Если от жанра путевых заметок перейти к более практичным вещам, то основных выводов два.
Сейчас эти проблемы смягчены: на дворе жаркое лето. Не так холодно, не так сыро. Но осень ближе, чем можно вообразить. Сейчас дождь, не говоря о заморозках, — это риск болезней и смертей.
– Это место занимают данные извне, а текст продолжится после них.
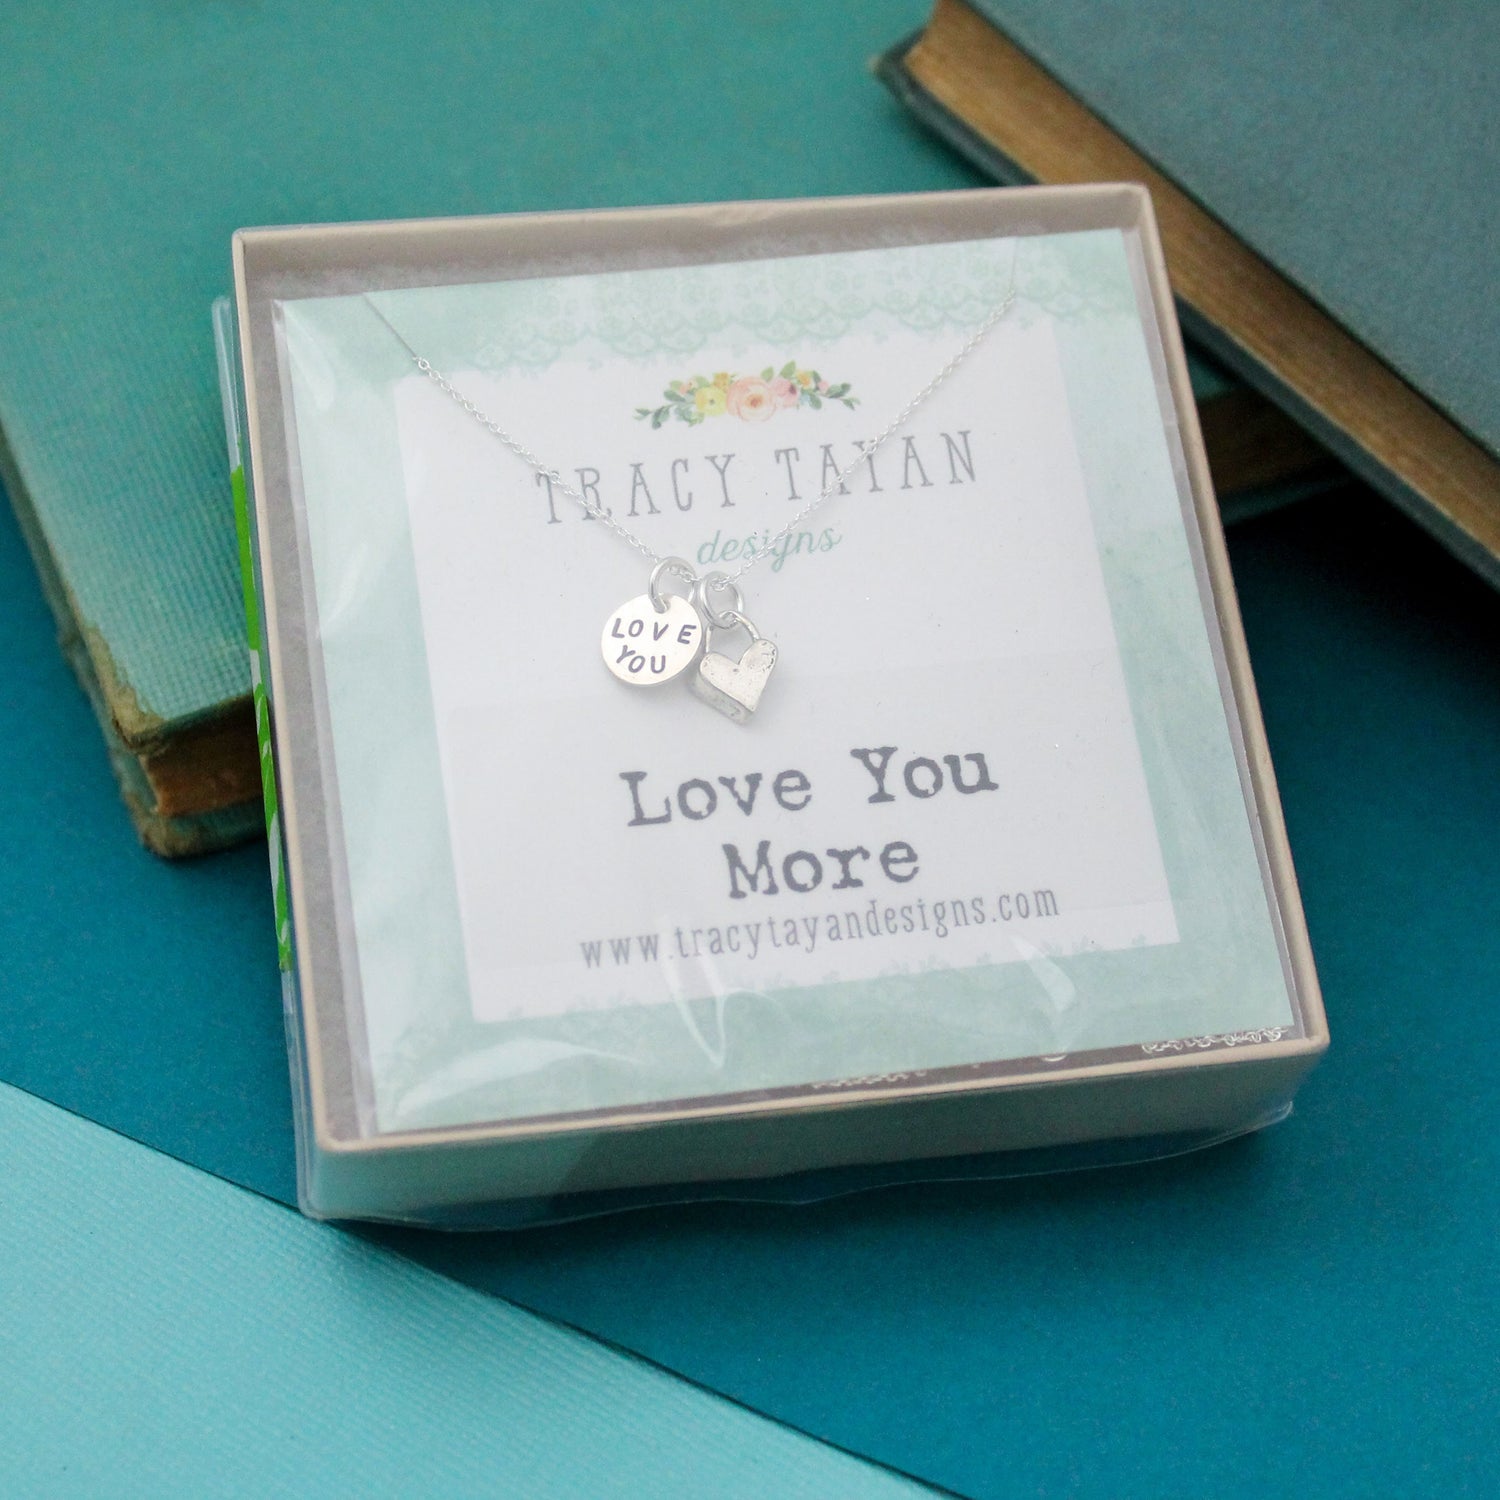 Love You More Necklace Personalized Sterling Silver, Hand Stamped Jewelry Gift, Love You Jewelry, Love You More Box Gift, Hand-Stamped Love

А ещё там как воздух нужна легальная работа. Сейчас в городе из экономики, похоже, функционирует только базар. Значительная часть покупателей Си скорее всего, самые платёжеспособные) — это солдаты.
Но фронт-то дальше уедет, и что тогда? В городке всё ещё находится по крайней мере несколько тысяч человек. Они — на грани.
Сейчас эти люди фактически наши люди. Они живут на территории, которую Россия контролирует, и мы точно не считаем себя оккупантами на этих землях. В любом случае именно наша страна сейчас в ответе за Волноваху и её людей. Между тем российской политике остро недостаёт и энергии, и системности, и понимания, что делать с людьми.
Здесь нет никакого бинома Ньютона, это простейшая логическая цепочка: если А, то Б. Отношение к России на сто процентов зависит от того, что делается и будет делаться. Лозунги без конкретики страшно бесят. В пределах нашей машины все любили Россию, потому что мы приехали со свечами, фонариками, хлебом, молоком, фельдшерами и лекарствами. Россию с фельдшером будут любить. Россию с голыми лозунгами будут ненавидеть. Чиновник, который на разбомблённой площади рассуждает о русском языке и жизни без фашистов, но не говорит о свете, воде и работе, не везёт ничего полезного, с практической точки зрения — предатель Родины. Вот именно этими словами — предатель Родины. Там сейчас нет вопроса об обучении на русском языке, там есть вопрос, чтобы было кому и где вообще обучаться. Все меры необходимо начать принимать вчера.